CREATE MATERIALIZED VIEW my_hyper_cagg
WITH (timescaledb.continuous) AS
SELECT
	time_bucket('1 day', ts) AS bucket,
	SUM(val1) AS val1
FROM
	public.my_hyper
GROUP BY 1;

INSERT INTO public.my_hyper VALUES
	(2000, TO_TIMESTAMP('2022-06-05', 'yyyy-mm-dd'), RANDOM() * 10),
	(2001, TO_TIMESTAMP('2022-09-05', 'yyyy-mm-dd'), RANDOM() * 10);

SELECT
	hypertable_id,
	"_timescaledb_internal".to_timestamp(lowest_modified_value),
	"_timescaledb_internal".to_timestamp(greatest_modified_value),
	"_timescaledb_internal".to_timestamp(greatest_modified_value) - _timescaledb_internal.to_timestamp(lowest_modified_value)
FROM "_timescaledb_catalog".continuous_aggs_hypertable_invalidation_log
WHERE hypertable_id = (SELECT raw_hypertable_id FROM "_timescaledb_catalog".continuous_agg WHERE user_view_name = 'my_hyper_cagg')
ORDER BY lowest_modified_value;

tsdb_invalidation_log

TimescaleDB version affected
2.8.1

PostgreSQL version used
PostgreSQL 12.8
PostgreSQL 12.8 on x86_64-pc-linux-gnu, compiled by gcc (GCC) 4.8.5 20150623 (Red Hat 4.8.5-44), 64-bit

noctarius · November 2, 2022, 8:24am

I guess what you’re looking for would be only refreshing the two actual modified days, right? That would require a lot more management overhead (with multiple rows per hypertable). Could you create a feature request on github. I totally see how that’d be valuable (especially with large refresh periods as in the case presented) but it needs to be prioritized.

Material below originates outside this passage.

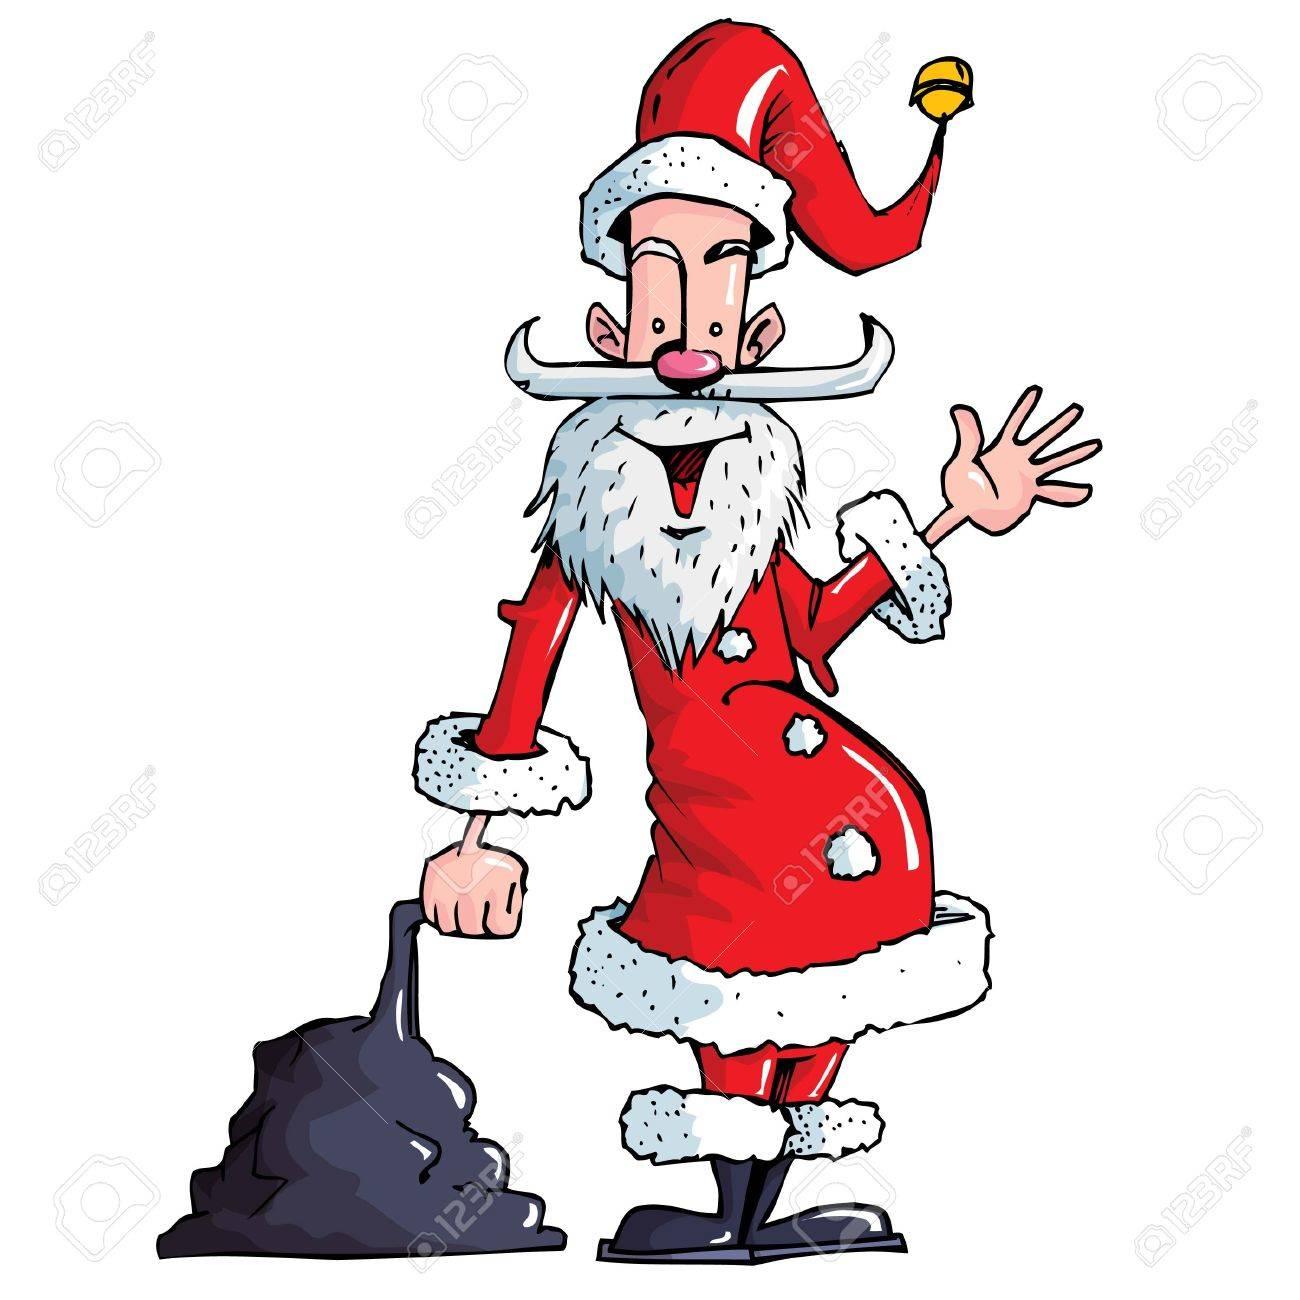 Cartoon Santa with a white beard. Isolated on white Stock Vector - 9376651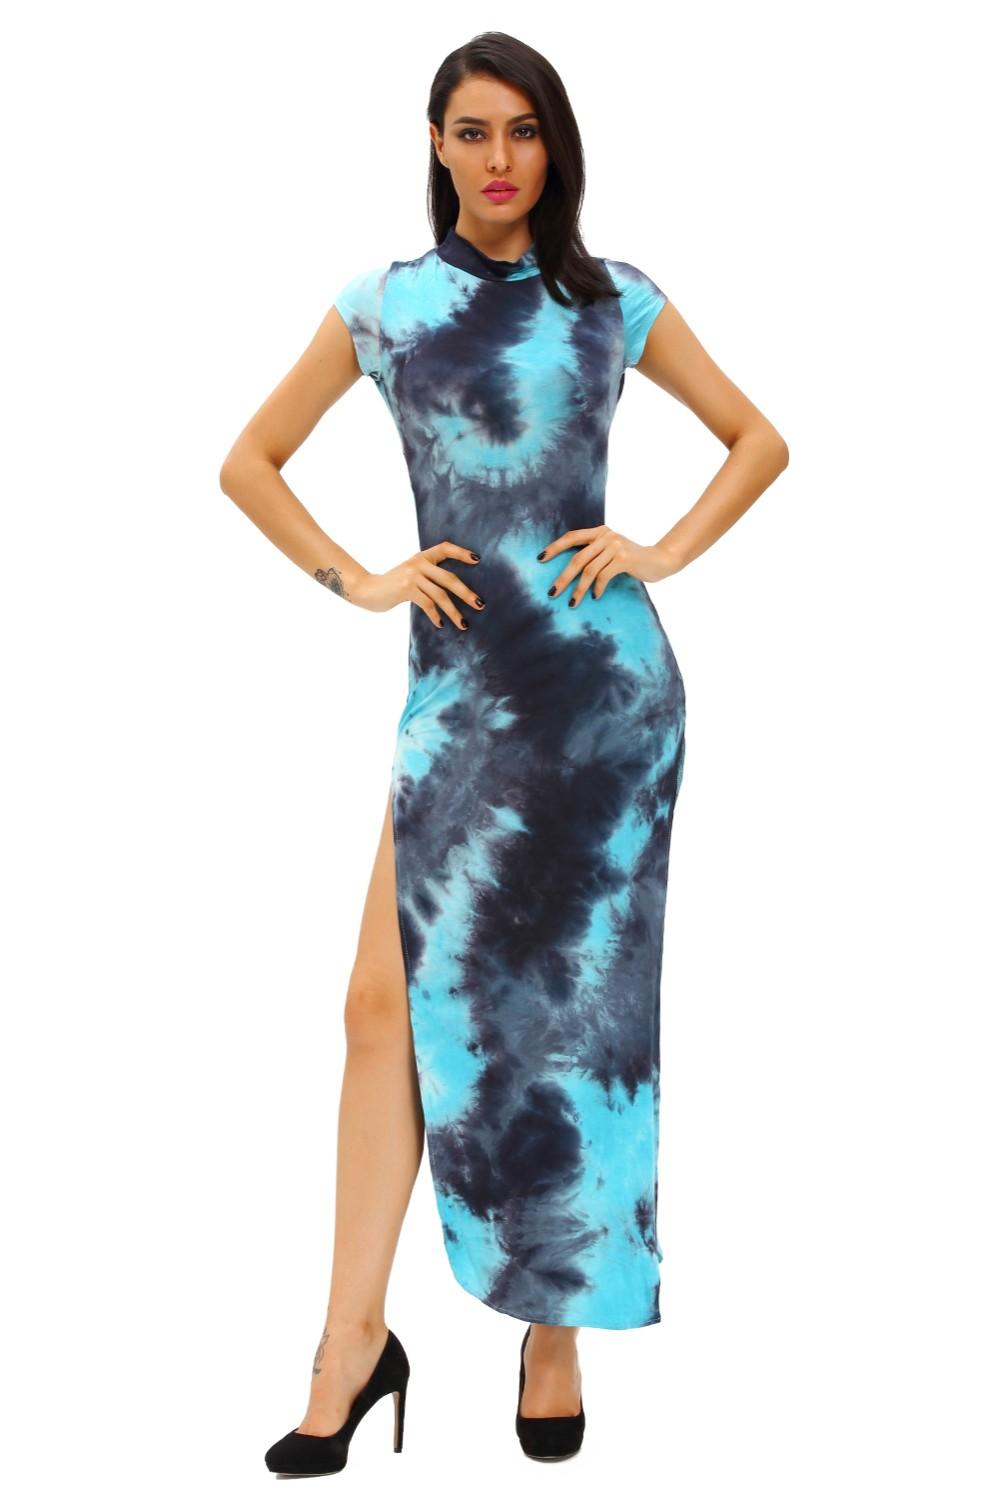 Bluish-Tie-Dye-Vintage-Short-Sleeve-Cheongsam-Dress-LC60955-4-5

LuxCore · November 2, 2022, 12:15pm

Right. If the dates that are not next to each other for the changed data are written separately into “_timescaledb_catalog”.continuous_aggs_hypertable_invalidation_log (for blocks with an interval of 1 day), and not with a period from the minimum date to the maximum, then the recalculation will be faster, because there will be no recalculation of blocks that do not contain unchanged data. In this case also dates will be written correctly next to the “_timescaledb_catalog”.continuous_aggs_materialization_invalidation_log.

This situation is due to the fact that data gets into the hypertable by replication and, therefore, the periods do not correspond to reality.

Thank for reply. I will create feature-request on github soon.

alexsunny123 · November 3, 2022, 9:16am

thanks for the awesome information.